## [INPUT DATA]

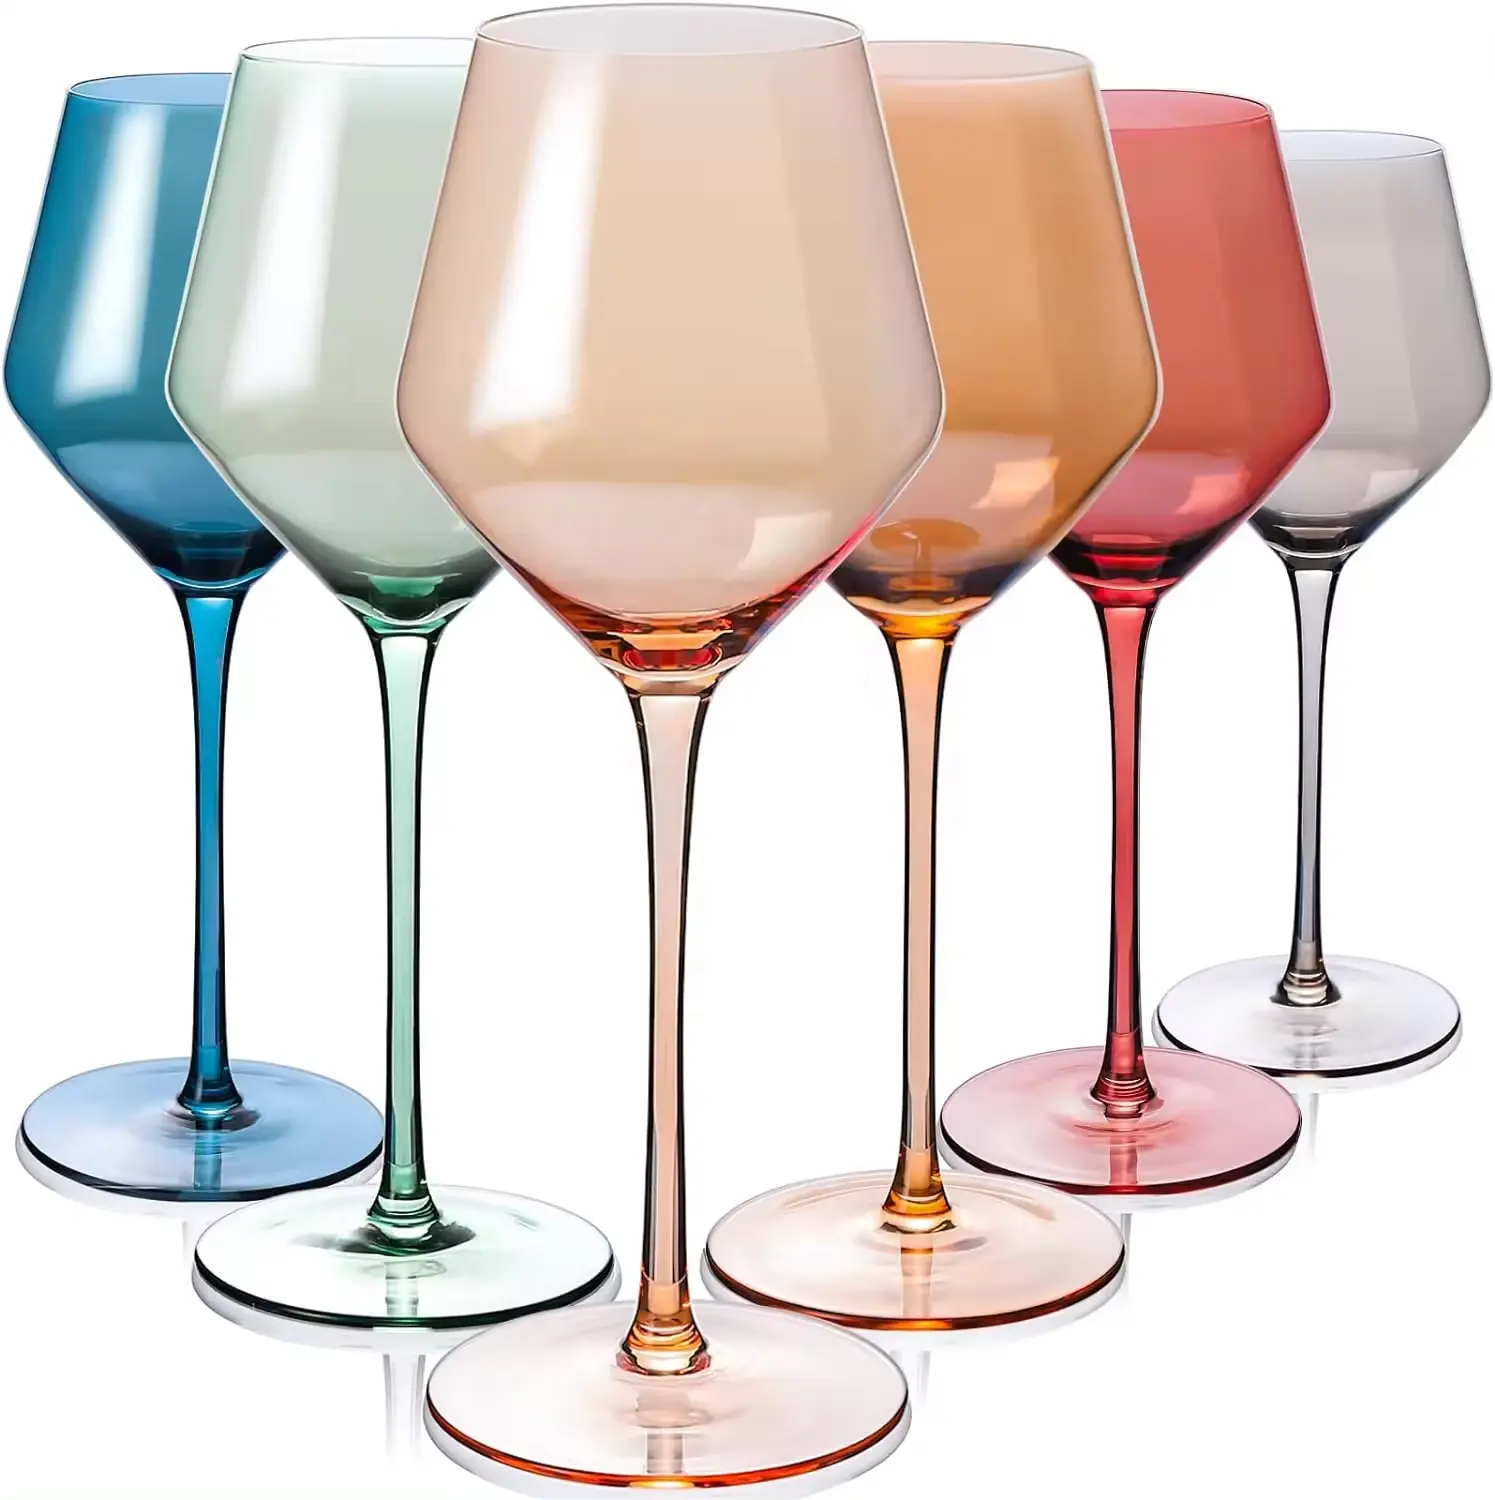 YunHifan16oz Set gelas anggur berwarna, 6 tangkai kaca Multi Warna bagus untuk semua jenis dan kesempatan anggur
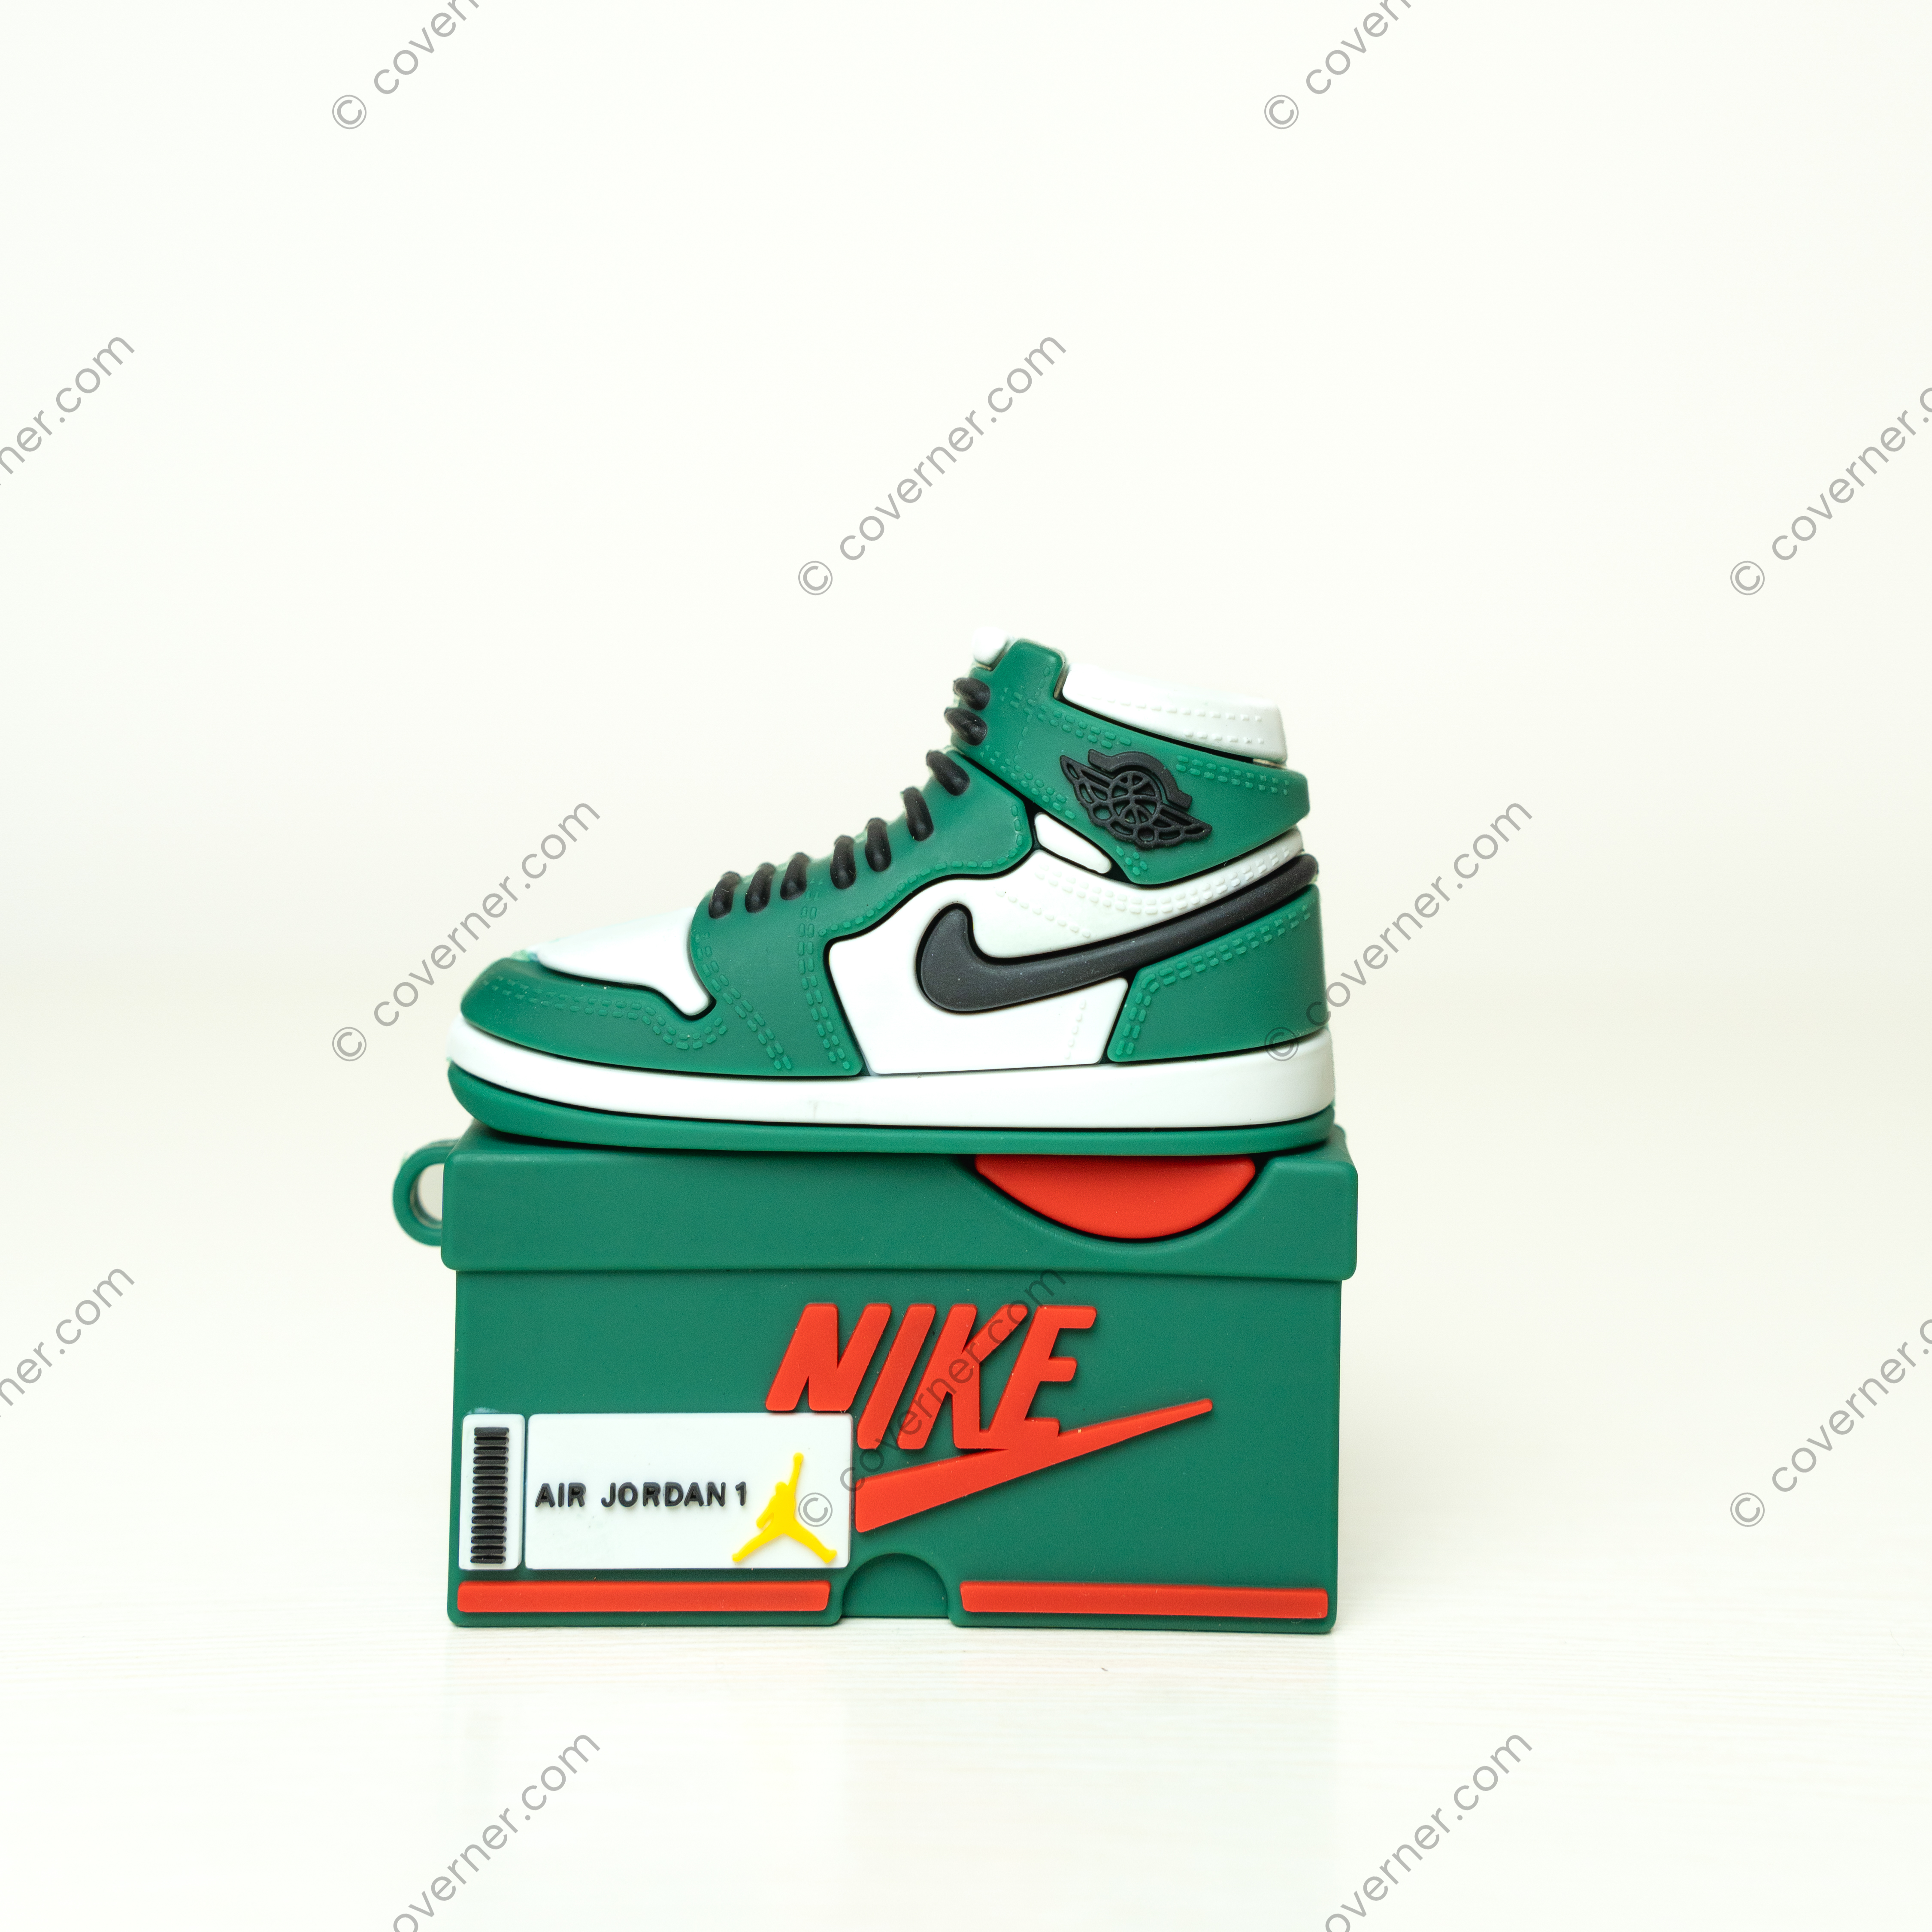 Sneaker Airpods Cases - Air Jordan 1 Green
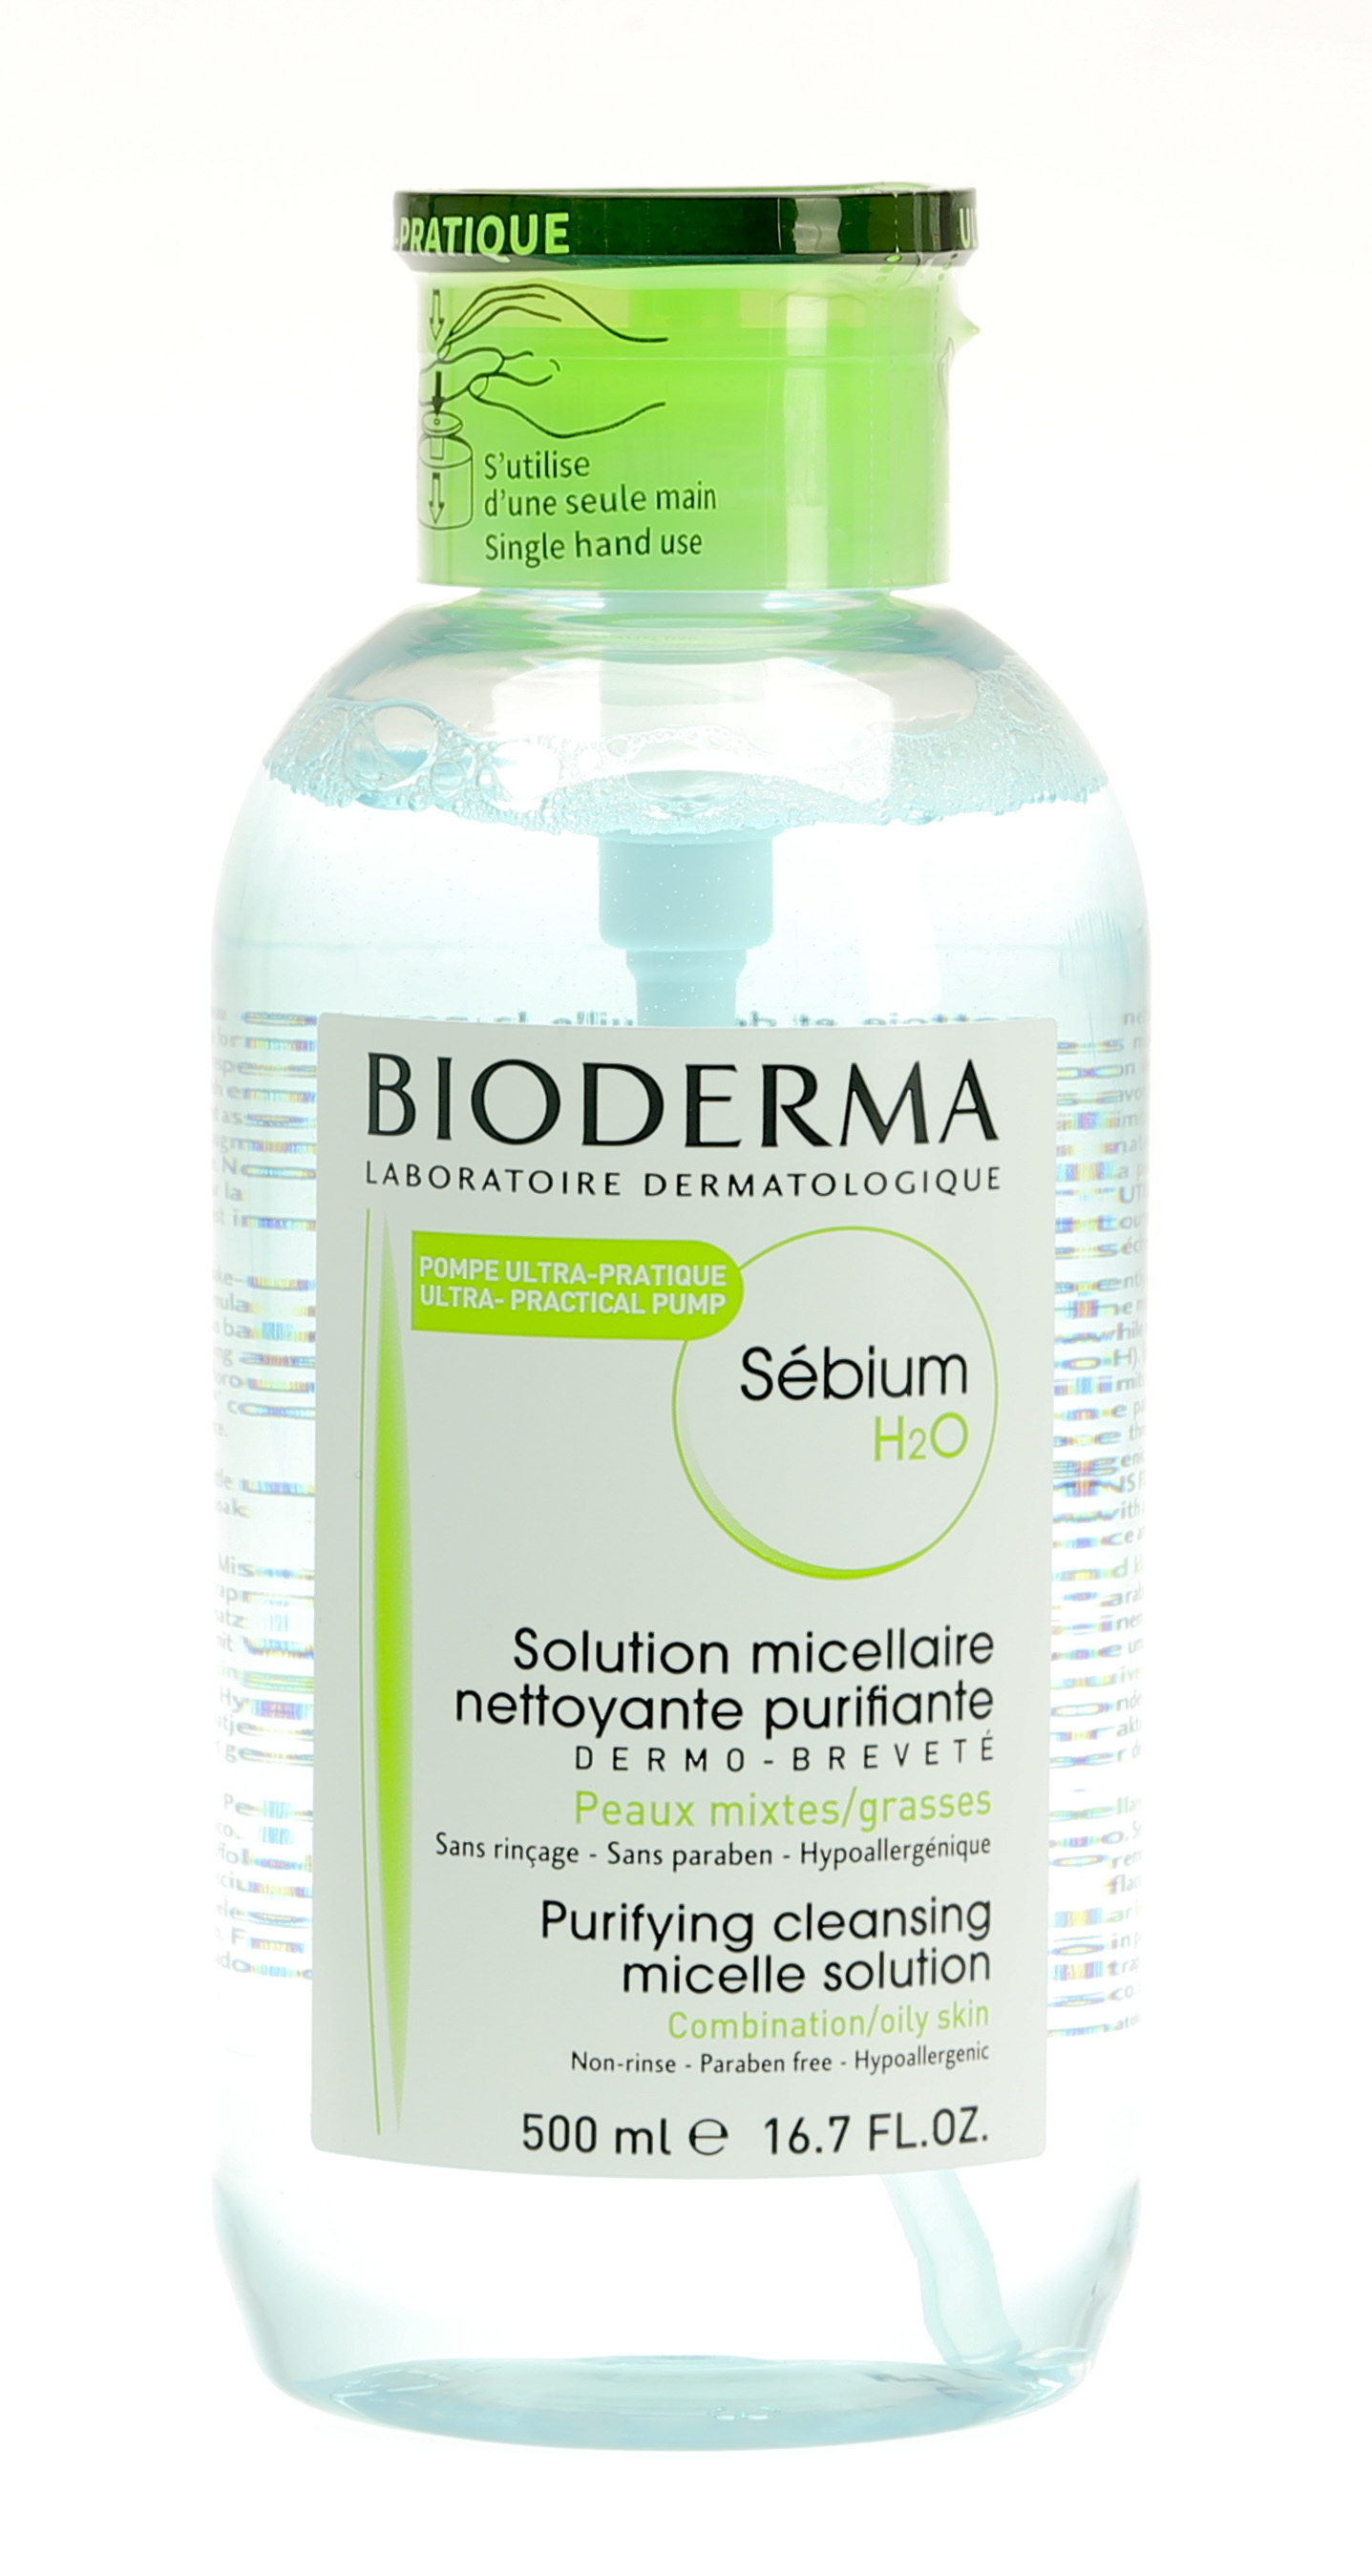 L'eau micellaire purifiante Sébium H2O démaquille et nettoie en douceur les  peaux mixtes à grasses. Ce produit est formulé e

## [TRY IT]
Please output the material as written, apart from the images.

## [EXERCISE RESULT]
 YunHifan16oz Set gelas anggur berwarna, 6 tangkai kaca Multi Warna bagus untuk semua jenis dan kesempatan anggur
 Sneaker Airpods Cases - Air Jordan 1 Green
 L'eau micellaire purifiante Sébium H2O démaquille et nettoie en douceur les  peaux mixtes à grasses. Ce produit est formulé e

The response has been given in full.